┌─ Data block
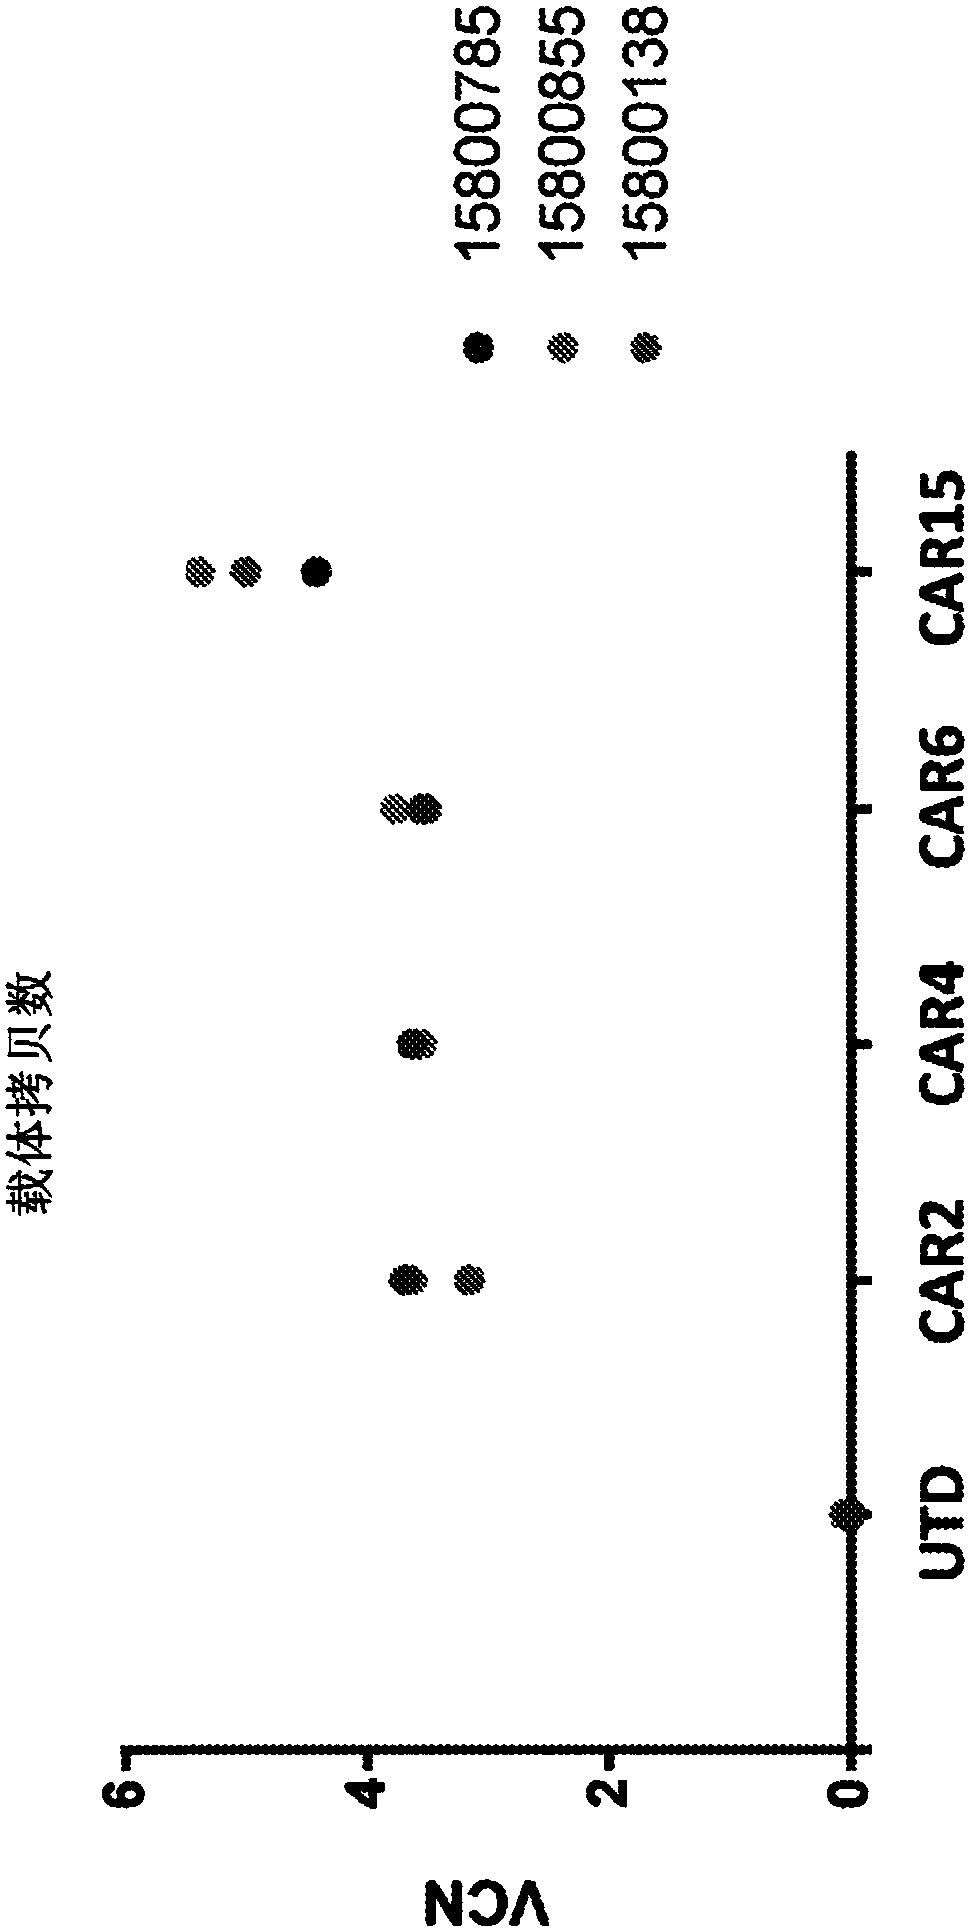 Anti-ROR1 chimeric antigen receptors
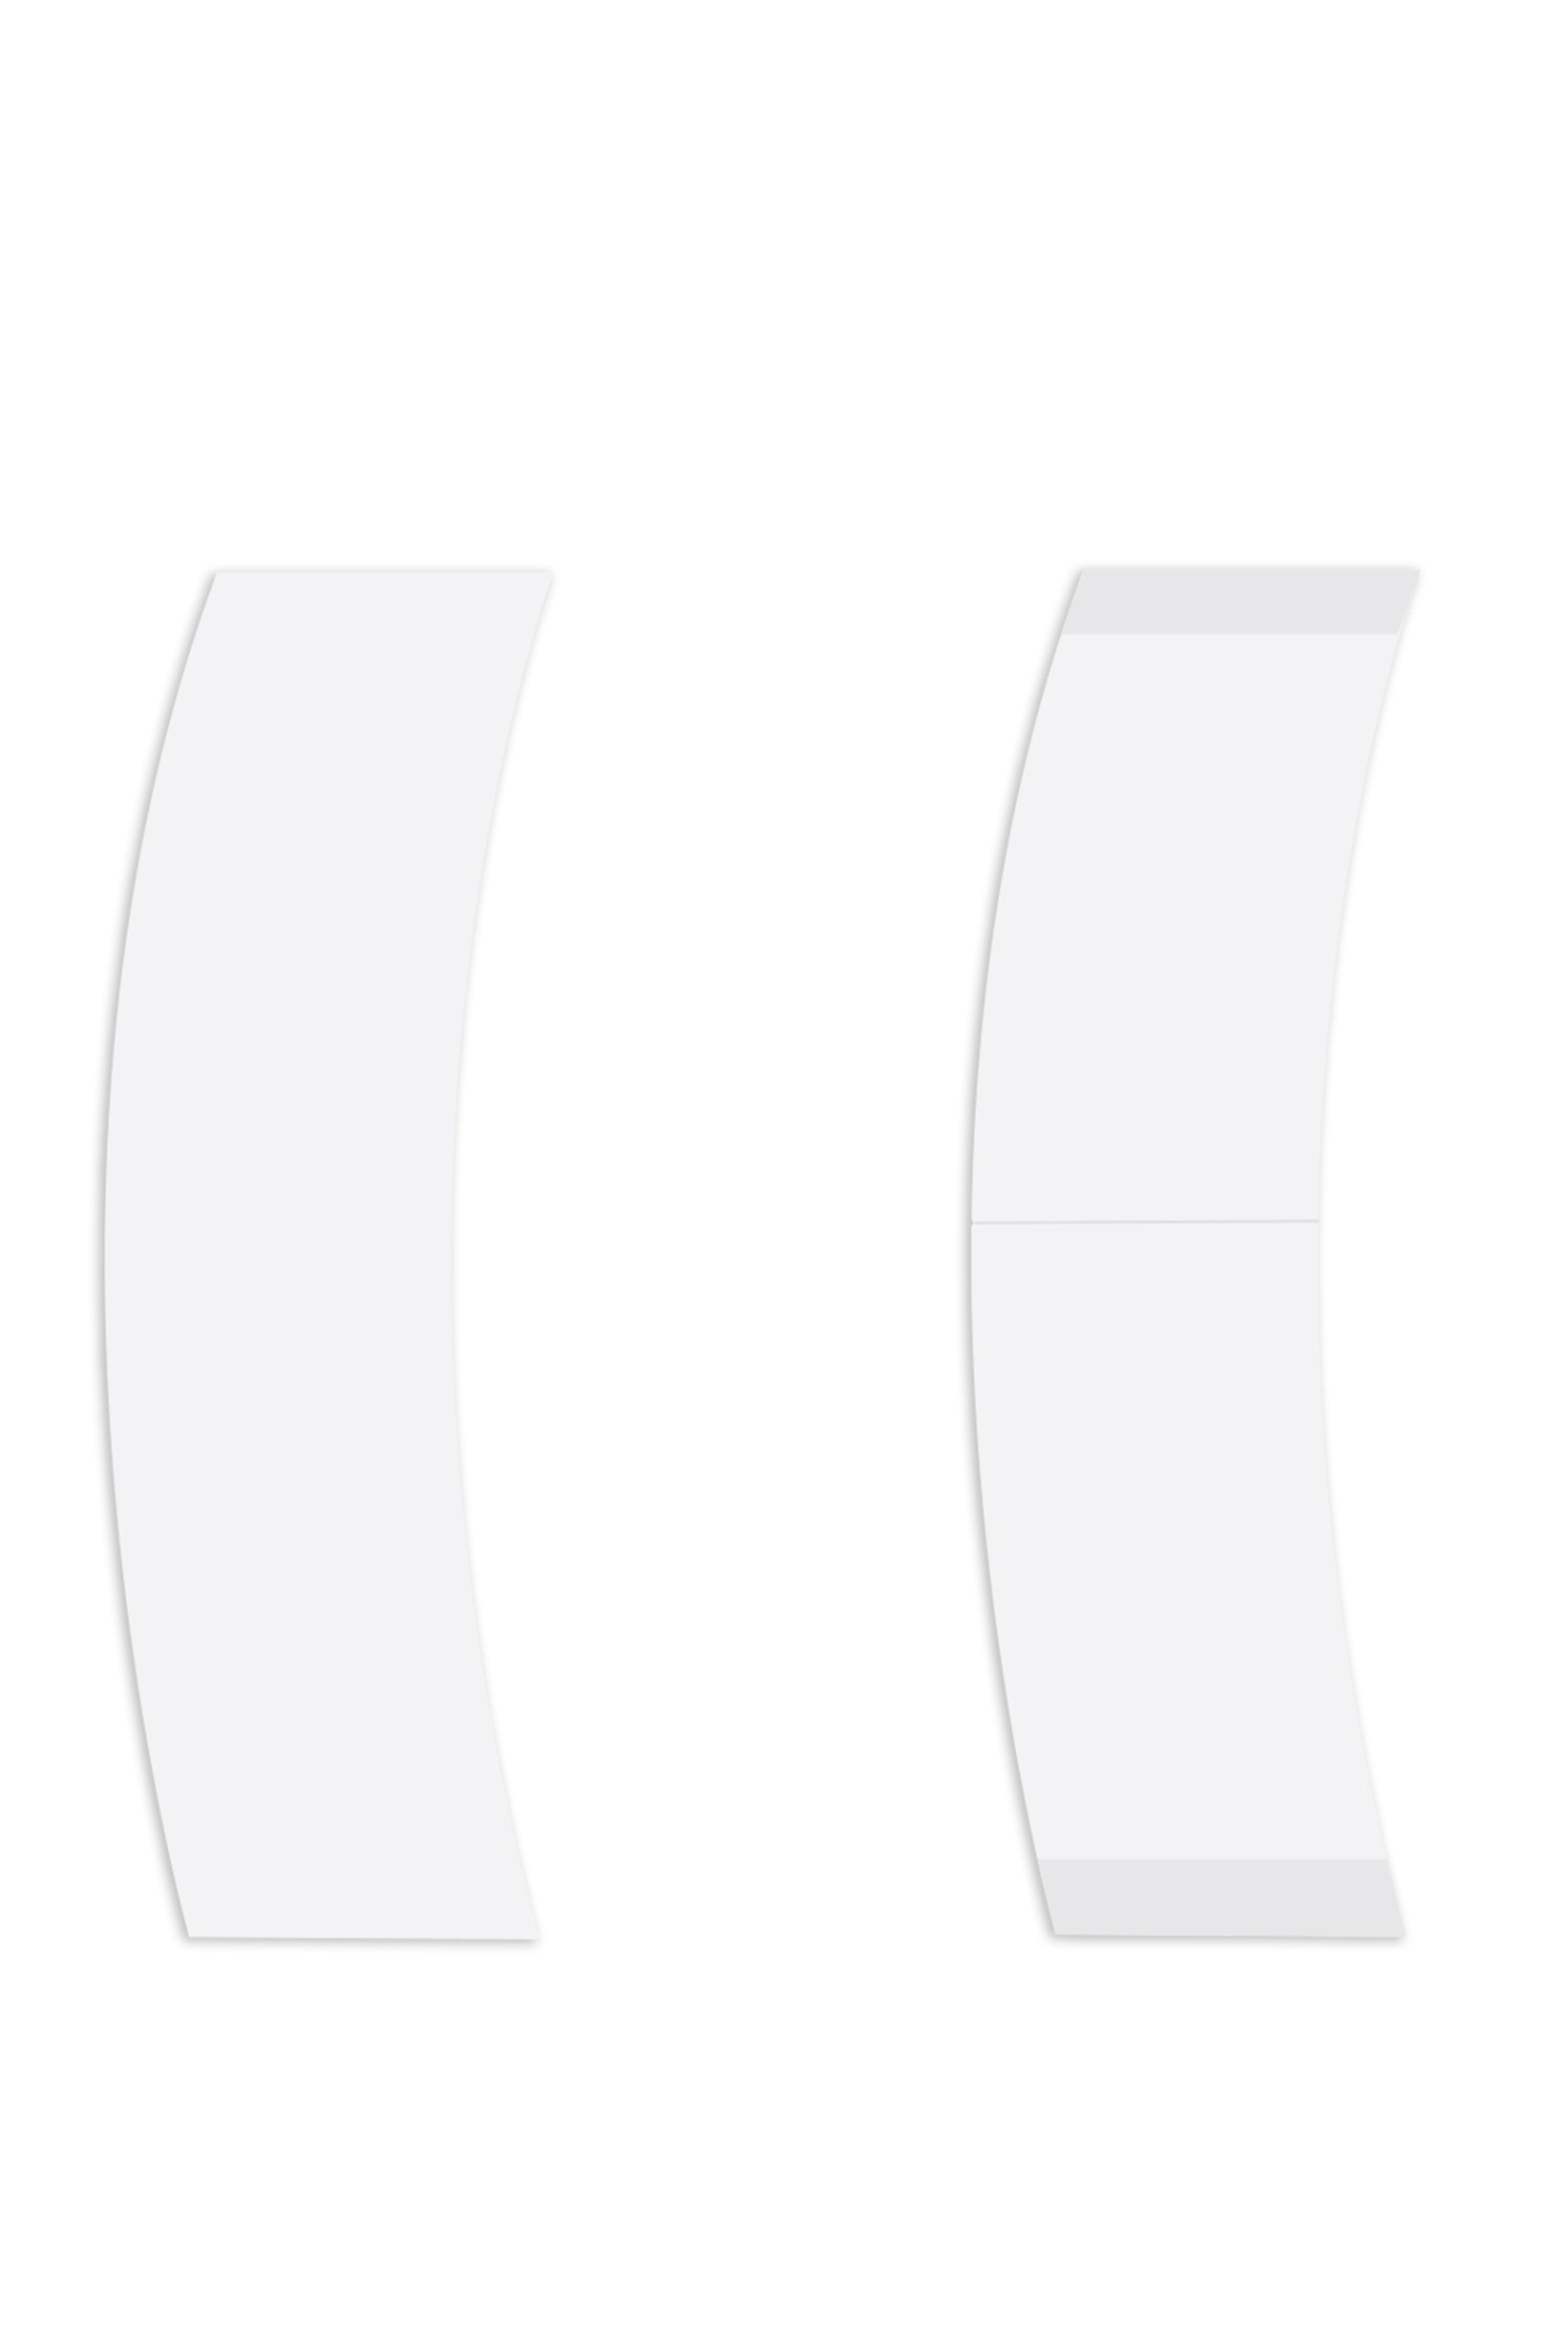 Walker Tape White Tape Beyaz Bant Protez Saç Bandı C 2cm X 7,5cm36 Adet ADVANCED EASY OF LACE
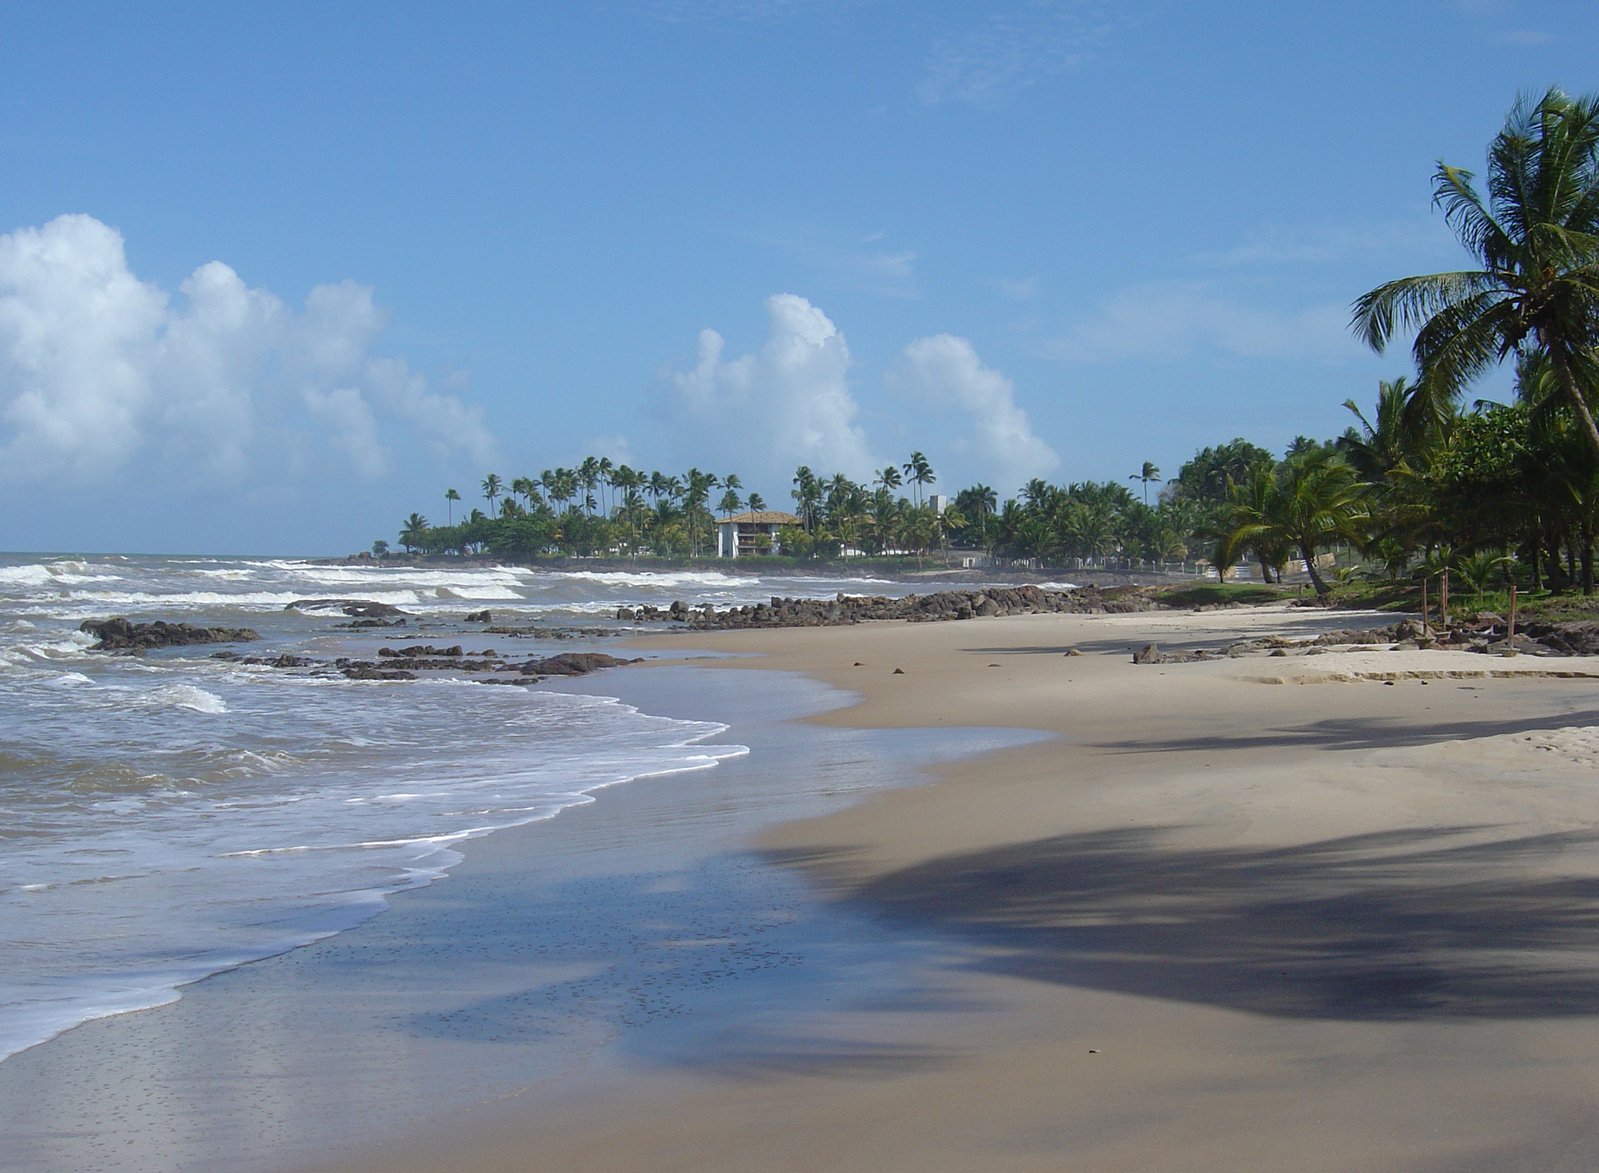 this is an ocean beach and a sandy shoreline
└─
#### [Requirement]
Give the data above again in full and unchanged, skipping the pictures.

#### [Reply to the task]
 Anti-ROR1 chimeric antigen receptors
 Walker Tape White Tape Beyaz Bant Protez Saç Bandı C 2cm X 7,5cm36 Adet ADVANCED EASY OF LACE
 this is an ocean beach and a sandy shoreline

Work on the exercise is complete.